### EXTRACTED MATERIAL
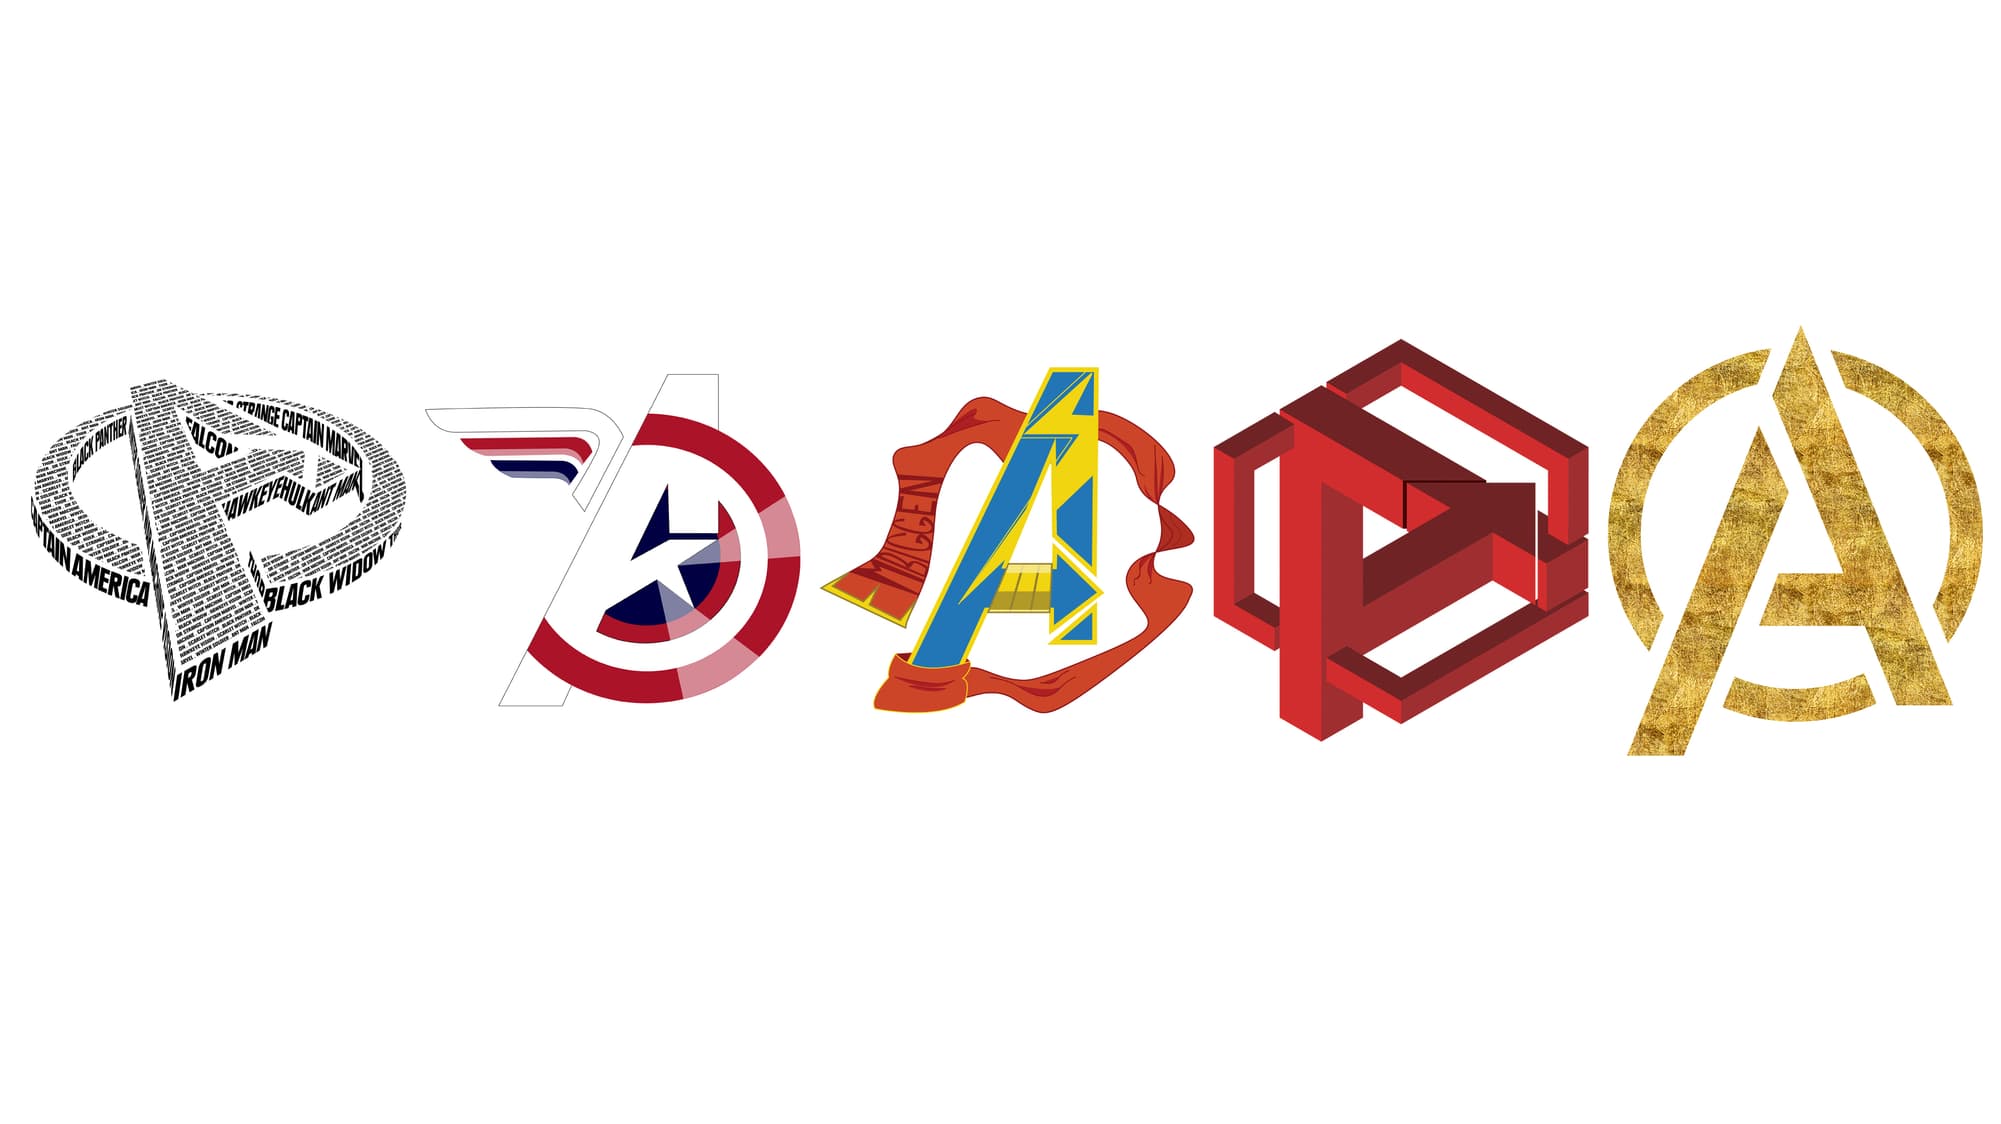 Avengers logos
* * *
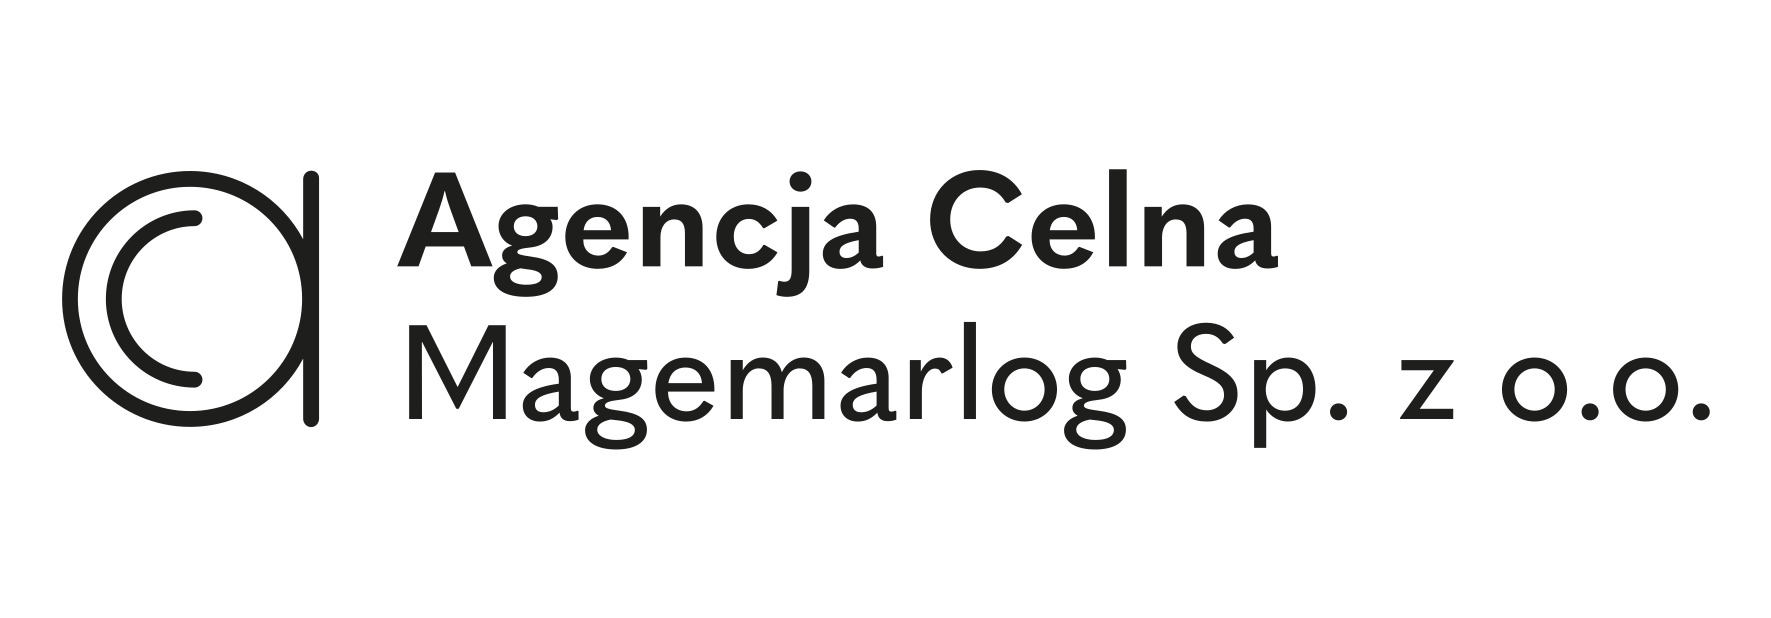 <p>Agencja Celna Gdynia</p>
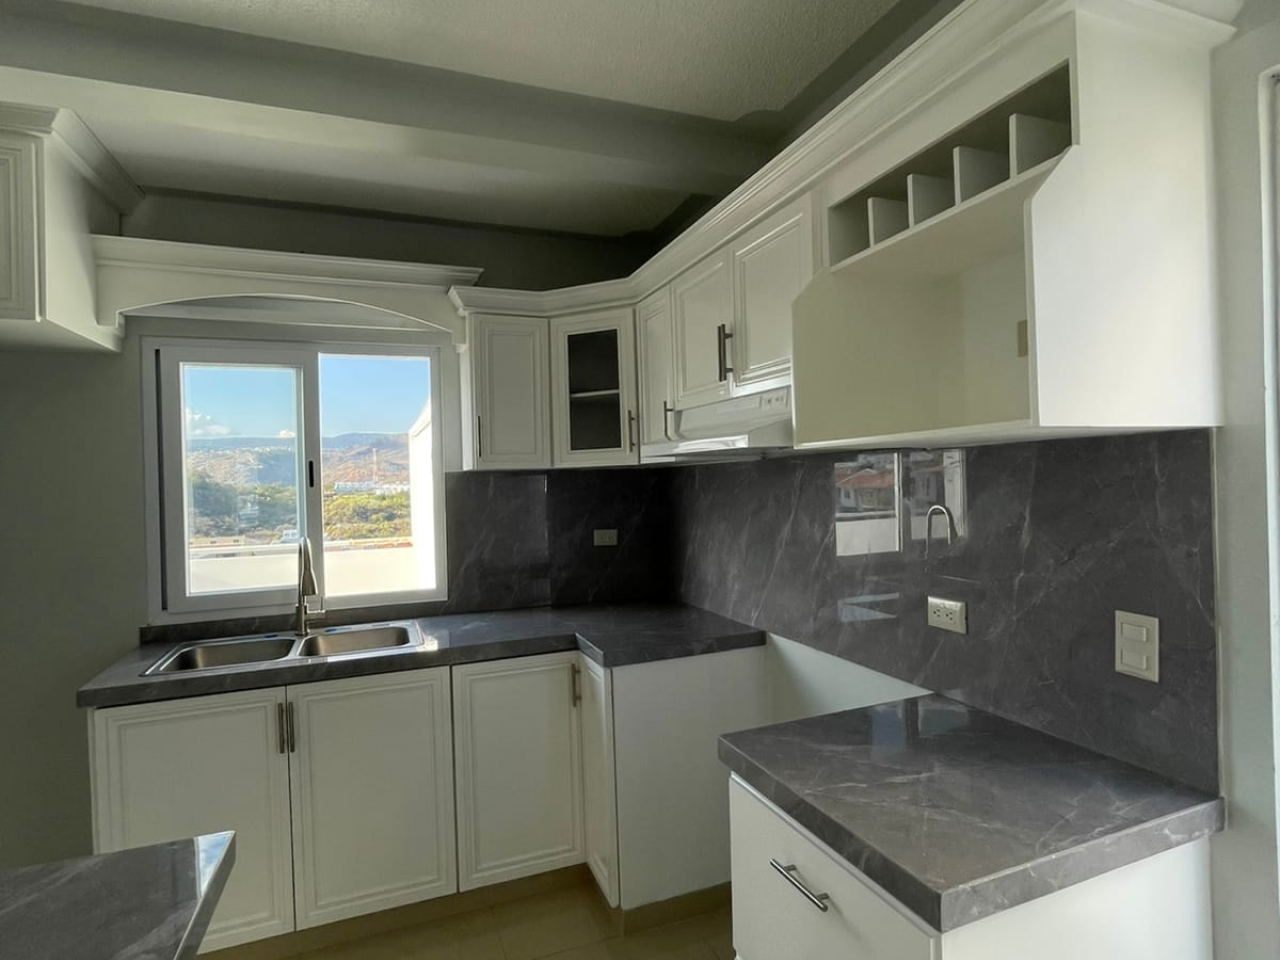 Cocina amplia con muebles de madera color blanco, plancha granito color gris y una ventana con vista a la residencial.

### WHAT THIS TASK INVOLVES
What should come back is an exact copy of the lines above from the line with "<p>Agencja Celna Gdynia</p>" to the line with "Cocina amplia con", both included, minus the pictures.

### RESPONSE AREA
 <p>Agencja Celna Gdynia</p>
 Cocina amplia con muebles de madera color blanco, plancha granito color gris y una ventana con vista a la residencial.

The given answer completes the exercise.